I respect the theologians, writers, and pastors over at www.Reformation21.org. I frequent that site because of the great commitment to uphold the Gospel in all of life, teaching, and preaching, as well as their commitment to Reformed theology. However, I’m going to jump right to the chase on this one: this review is unhelpful. And there is more to come apparently. I believe David Robertson is well-intentioned, but I do not see a whole lot of value to his critiques of the book, other than his few points against modern society. (Can you tell I’m siding with Tim Keller on this one?)

“Firstly I have a problem with the title. I am not sure what it means.”

The Reason for God. It is a defense of God’s existence, His character, His nature, and His actions in the world. Summed up, it is, well, the reason for God. A defense, an apologetic. It is a title that has an allure (at least in my mind) to an unbelieving, doubt-filled, skeptical, postmodern audience. Also, Robertson is not a postmodern so of course he is not going to get the point of the title. It’s not really meant to appeal to him. Postmoderns’ presuppositions consist of doubt, not just questions.
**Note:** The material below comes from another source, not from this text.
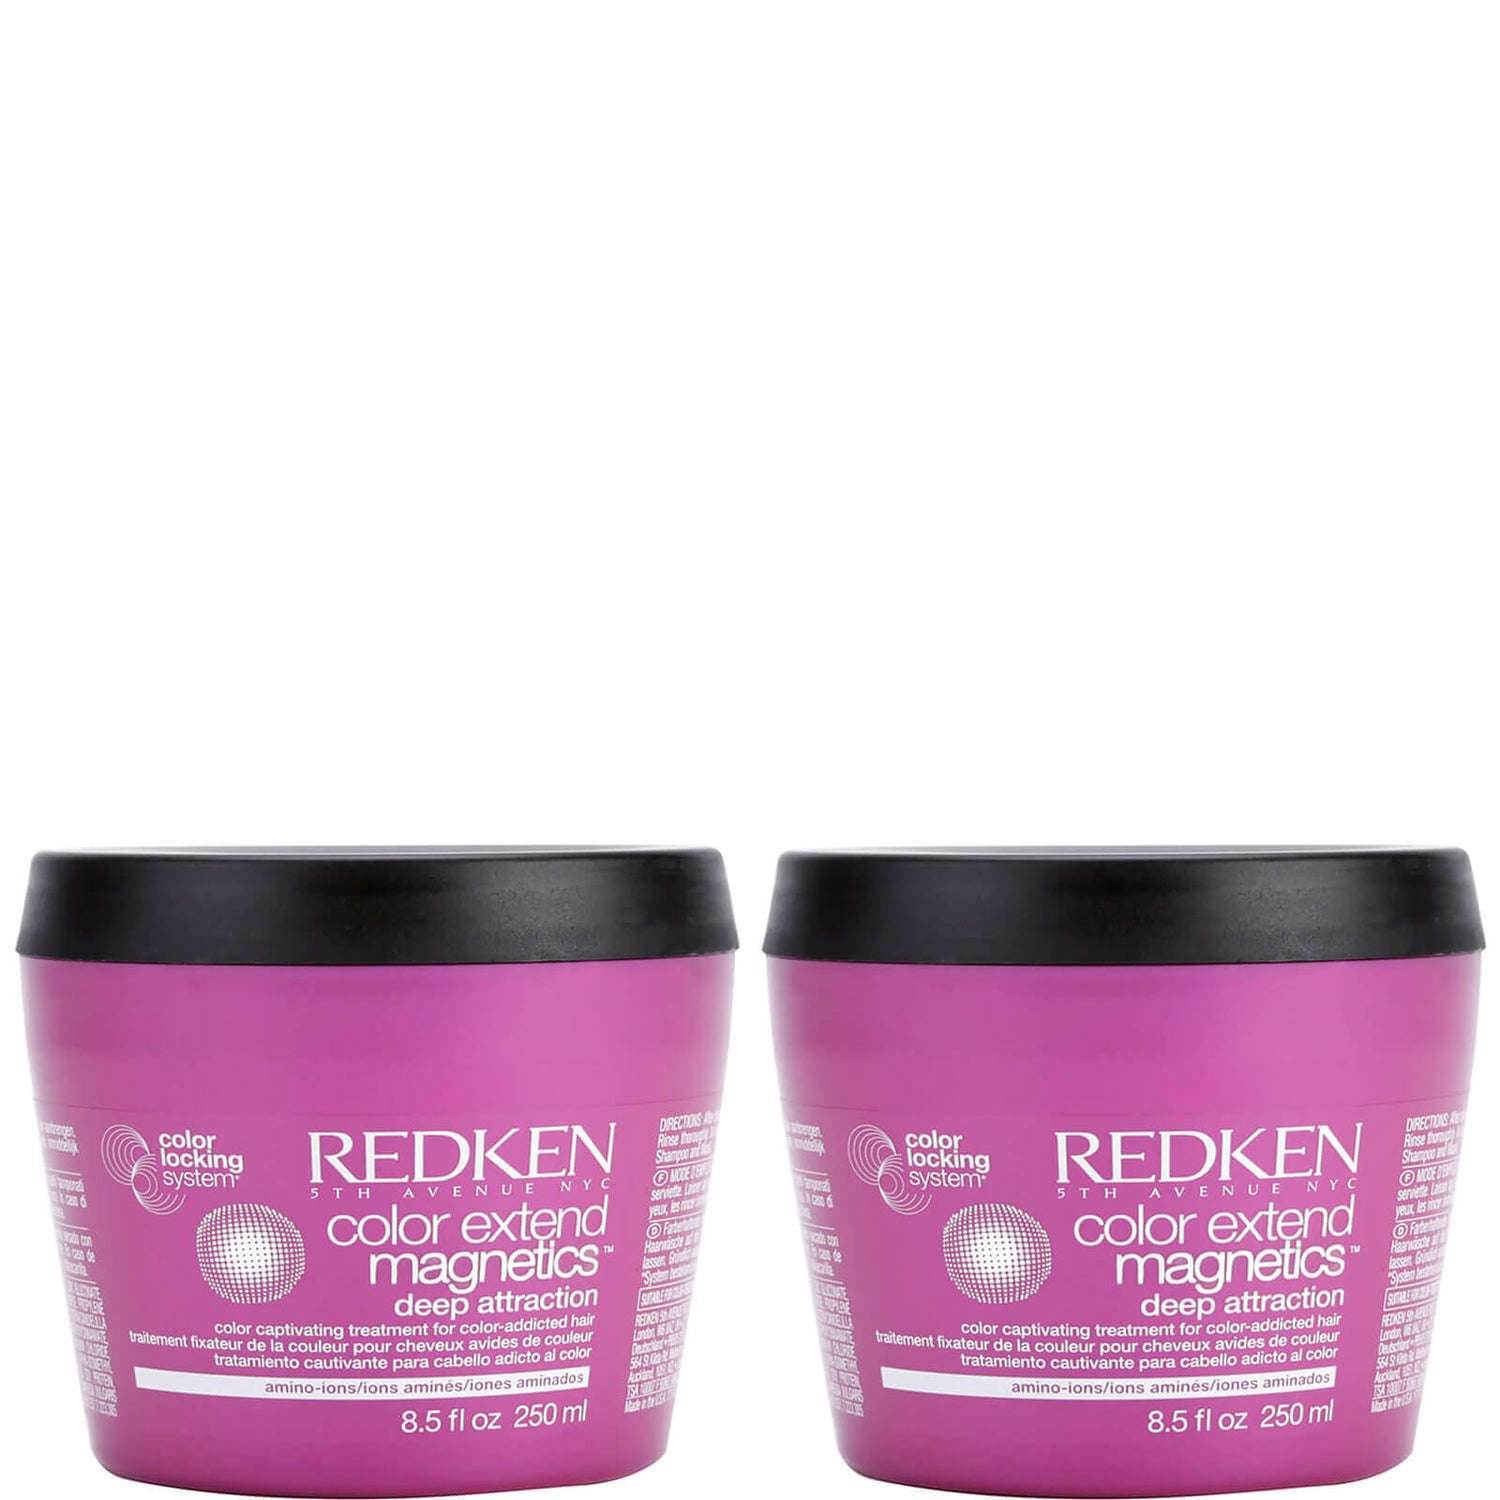 Redken Color Extend Magnetic Mask Duo 2 x 250ml

They doubt the existence of God, the character of God, His nature, His actions, and His “representatives.” And they especially doubt the God of the Bible. Is that not kind of the point of the book? To engage unbelieving, postmodern, skeptical audiences? And also to give believers some rock-solid arguments to witness with? I believe this is a petty point to critique.

“Maybe it’s my Europeanness but I tend to think that God does not need a reason.”

Yes, He does not need a reason for anything. He is God and answers to no man. I agree. But try using that same language with a rebellious, Gospel-resisting postmodern in witnessing and you will likely get shut down right away. You have fulfilled their presupposition in this case. Anything said after that statement (that “God does not need a reason”) will bounce a lot of times (though of course God can speak through and use anything He well pleases and is constrained by no instrument of man – Jonah?).

“The subtitle ‘Belief in an age of Skepticism’ also causes a question in my mind – is this really an age of scepticism? …

… Speaking of doubts I have a slight question about the use of the term doubt. There is surely a difference between a question and a doubt. If a students says to her teacher ‘I have a question about what you are saying’ this is different from saying ‘I doubt what you are telling me.'”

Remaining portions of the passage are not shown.